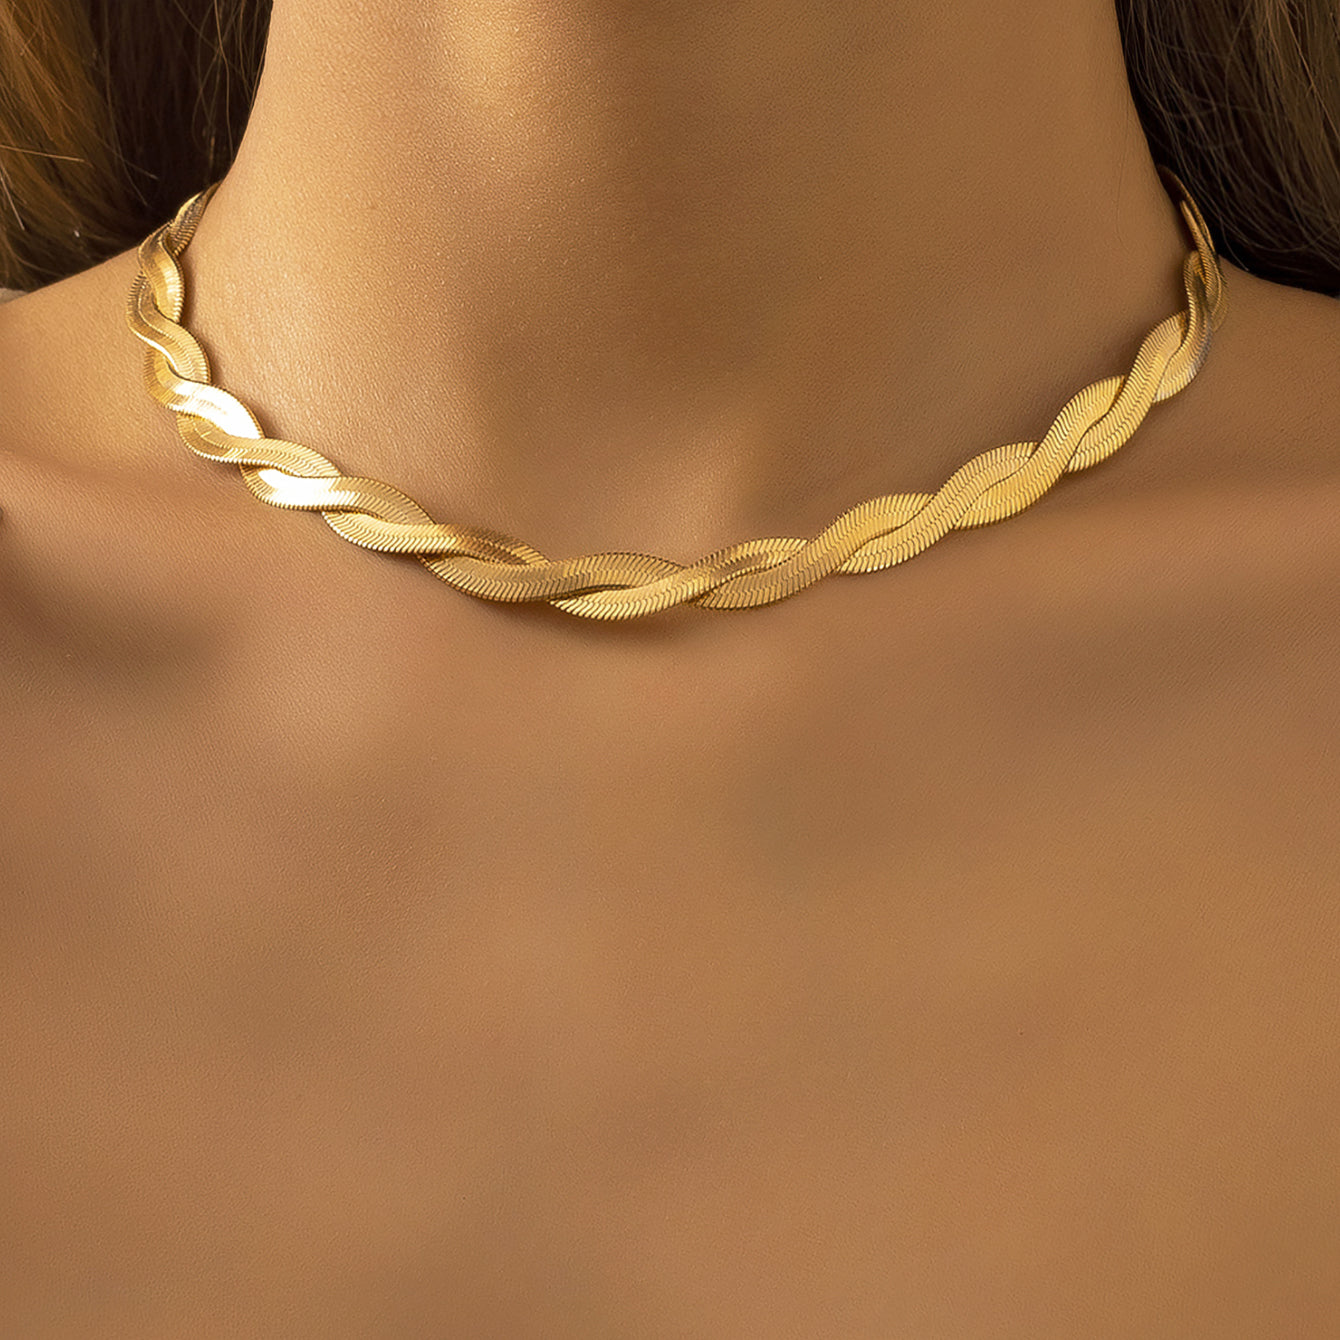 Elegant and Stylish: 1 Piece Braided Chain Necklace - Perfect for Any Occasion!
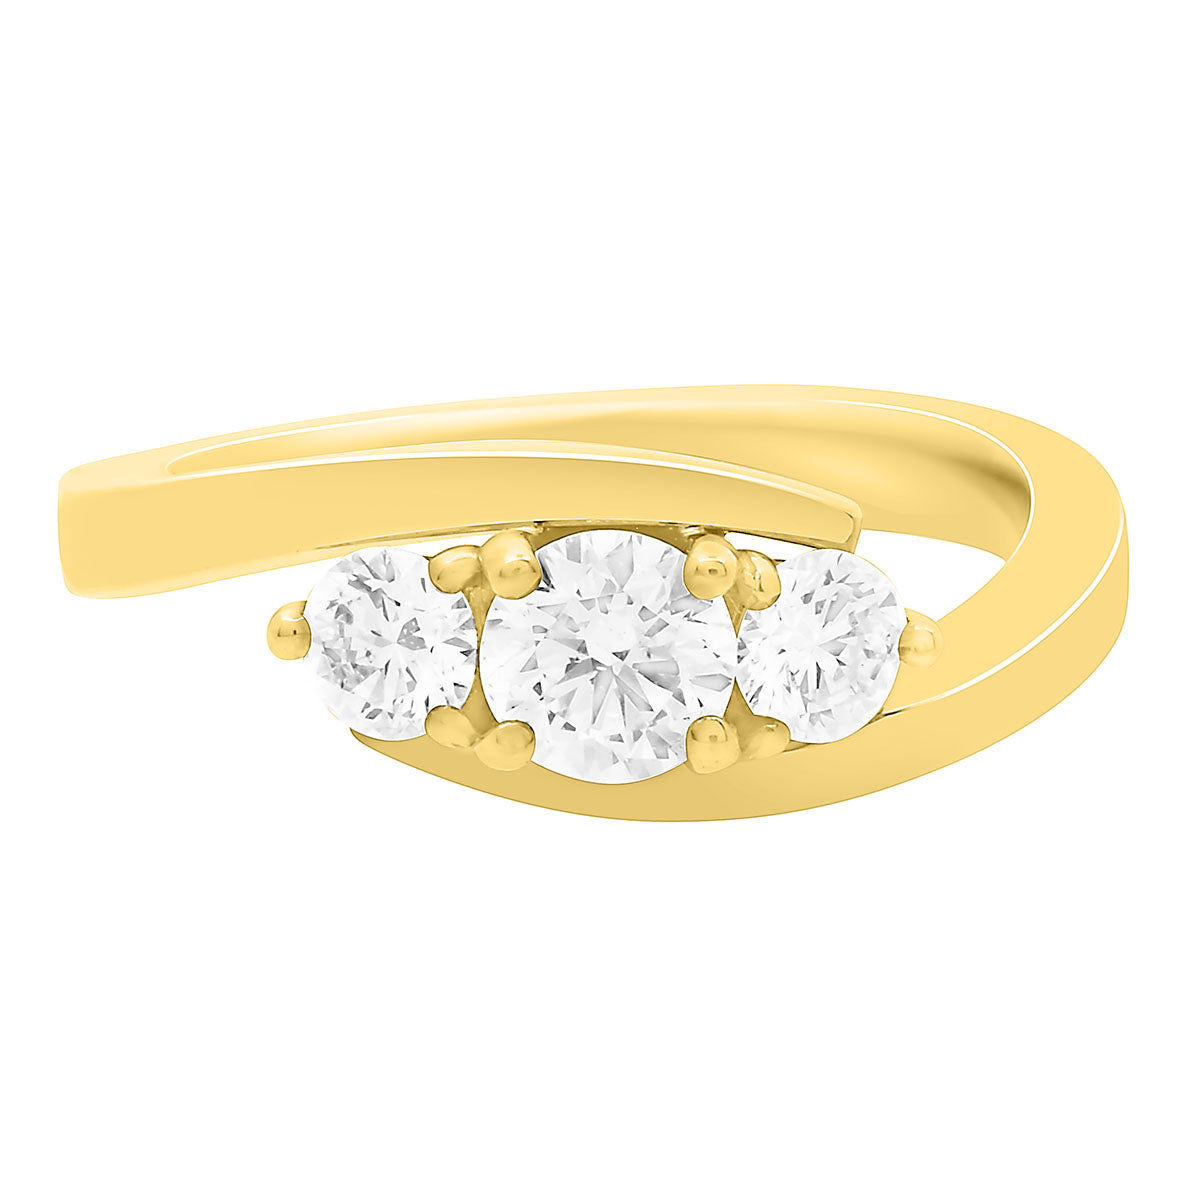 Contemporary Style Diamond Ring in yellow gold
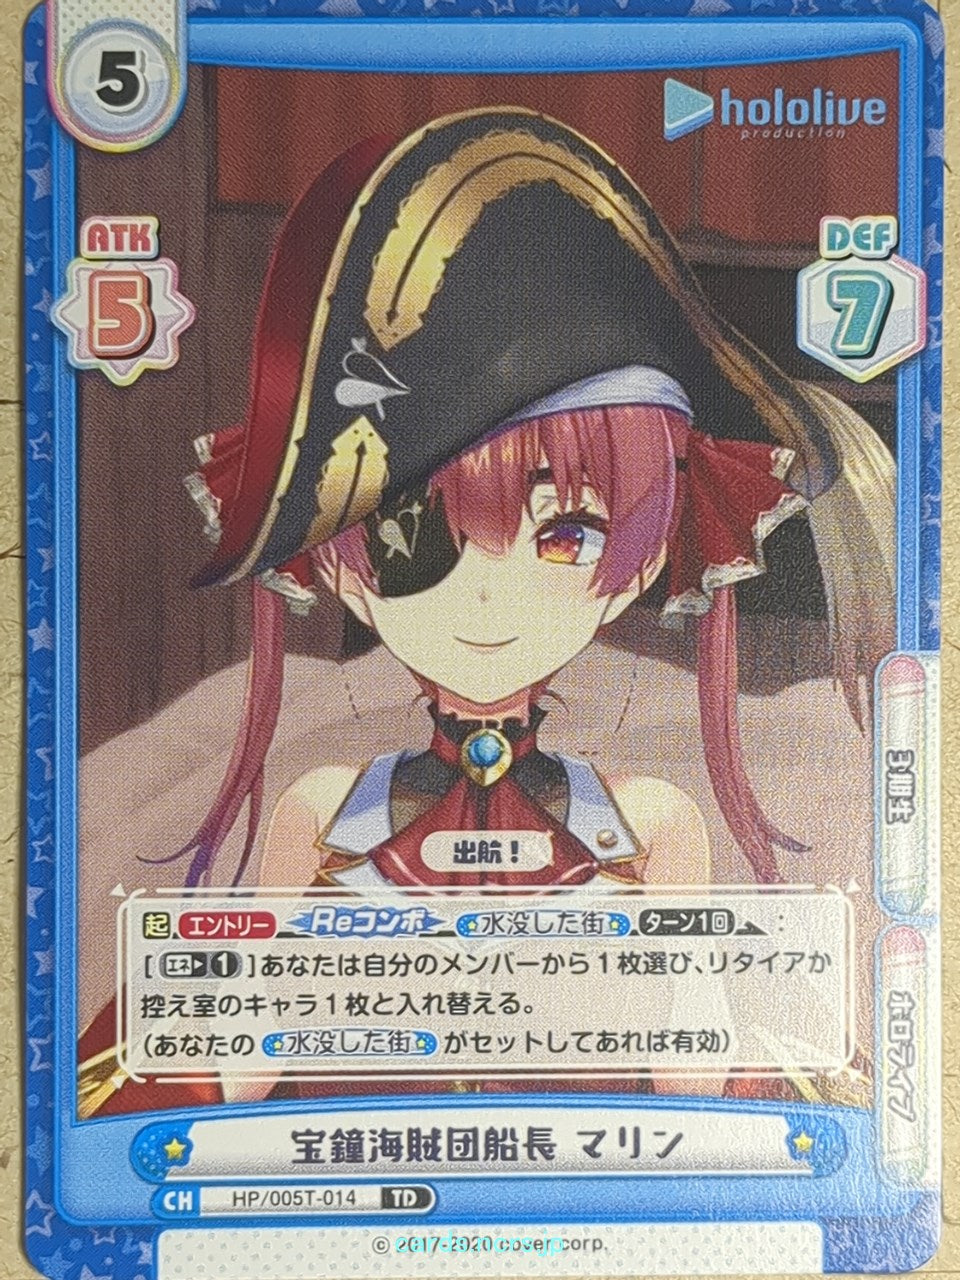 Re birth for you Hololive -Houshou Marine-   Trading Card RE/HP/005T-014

..........

WHAT YOU SHOULD DO: Every line above must appear in the answer unchanged, and no picture may appear in it.

YOUR RESPONSE:
 Elegant and Stylish: 1 Piece Braided Chain Necklace - Perfect for Any Occasion!
 Contemporary Style Diamond Ring in yellow gold
 Re birth for you Hololive -Houshou Marine-   Trading Card RE/HP/005T-014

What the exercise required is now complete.